Case 8: 60 year old healthy female with 2 weeks exertional chest pain that resolves with rest. ECG from first visit with normal troponin levels, then ECG from return visit

Approach to SCAD: consider patients and ECG changes

Spontaneous coronary artery dissection (SCAD) was first described in 1931 in a healthy 42 year old female with sudden cardiac death after vomiting.[1] But it is only recently that SCAD has been more widely recognized as a potential cause of Acute Coronary Syndrome, thanks to advances in angiography and advocacy by SCAD patients and providers like the SCAD Alliance. While SCAD makes up only only 3% of all ACS, it causes up to 30% in female patients younger than age 50, and is the most common cause of pregnancy-associated MI. SCAD is separation of the layers of the coronary artery walls by an intramural hematoma, which is spontaneous (i.e. not caused by atherosclerosis, trauma, or iatrogenesis) and may be associated with an intimal tear. The expanding hematoma compresses the true lumen, from narrowing to total occlusion, leading to myocardial ischemia or infarction.[2]

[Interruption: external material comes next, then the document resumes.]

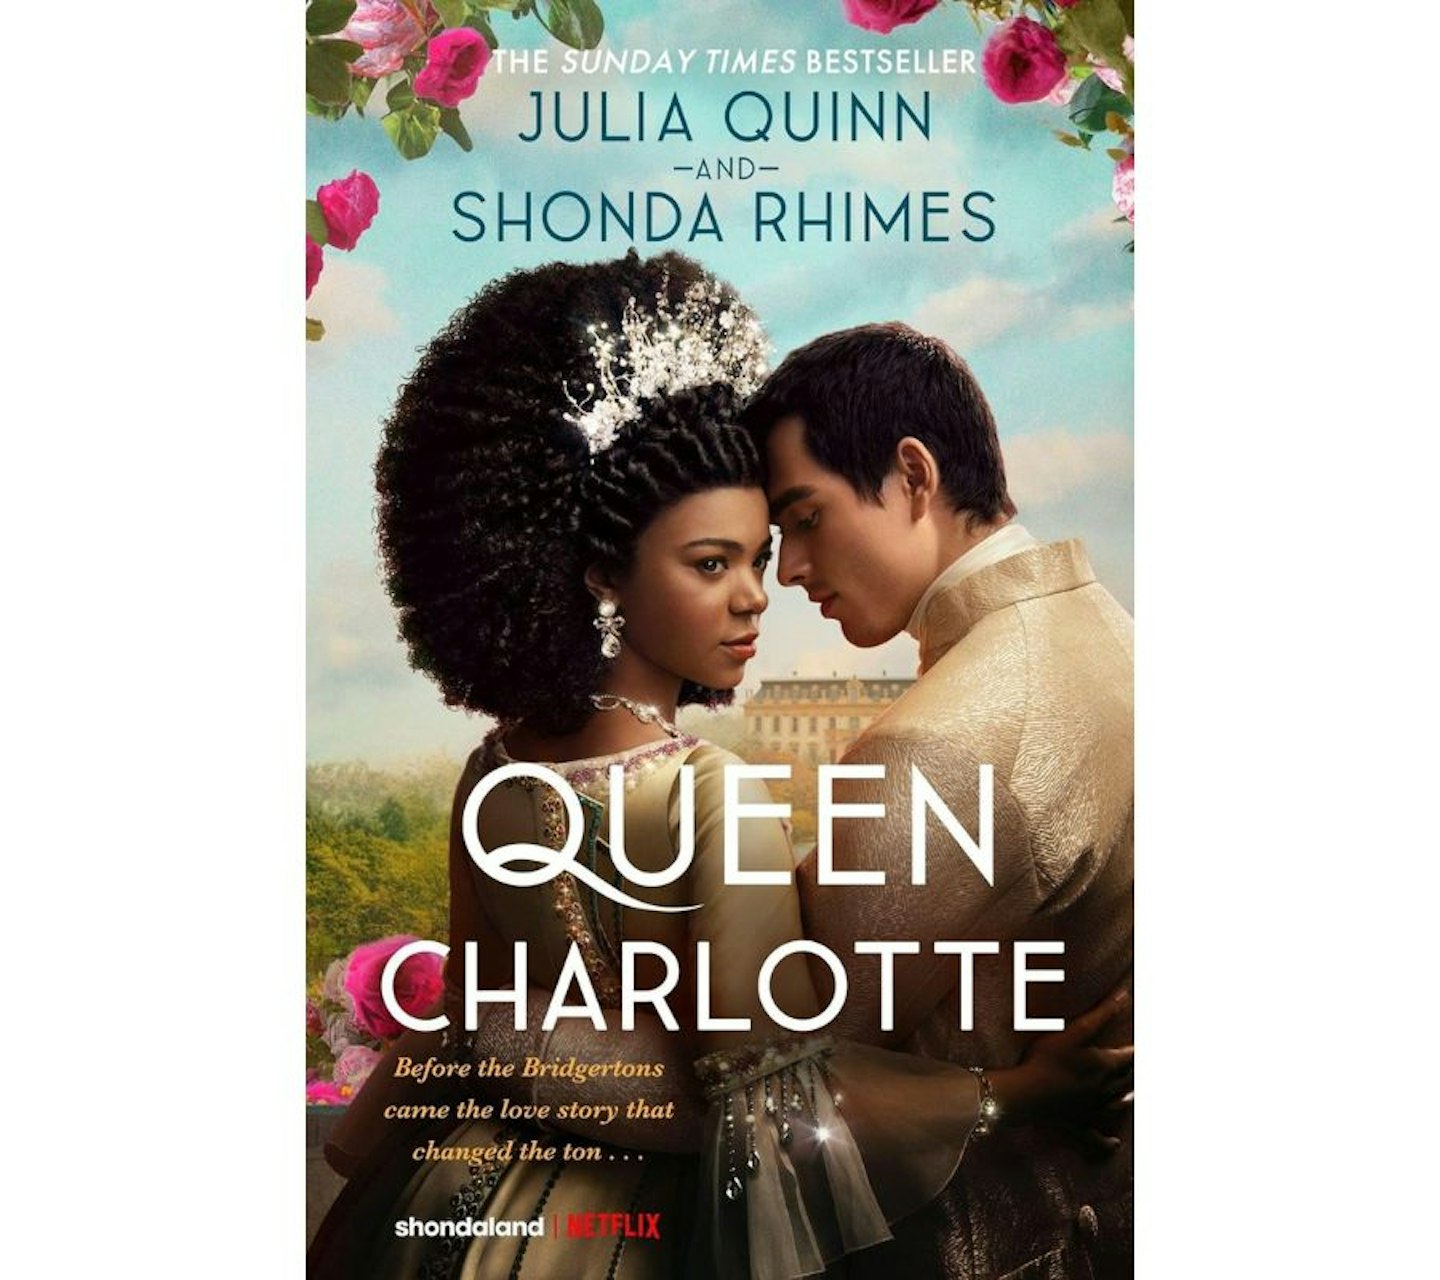 Queen Charlotte by Julia Quinn and Shona Rhimes

Risk factors for SCAD include 1) predisposing conditions include female sex hormones, conditions that weaken coronary artery walls (especially fibromuscular dysplasia, but also connective tissue or systemic inflammatory conditions), and SCAD patients have higher rates of migraines; and 2) precipitating events that increase shear stress (including sympathetic surge from emotional/physical stress or sympathomimetic drugs, or valsalva). Peripartum SCAD risk factors include high levels of progesterone that weakens the wall, estrogen that creates a hypercoagulable state, the hemodynamic stress of pregnancy, and valsalva during delivery. SCAD has also been reported in cis male patients (often with history of hypertension, migraines, or fibromuscular dysplasia, presenting after physical or emotion stress) and trans female patients taking gender affirming hormone therapy. [3,4]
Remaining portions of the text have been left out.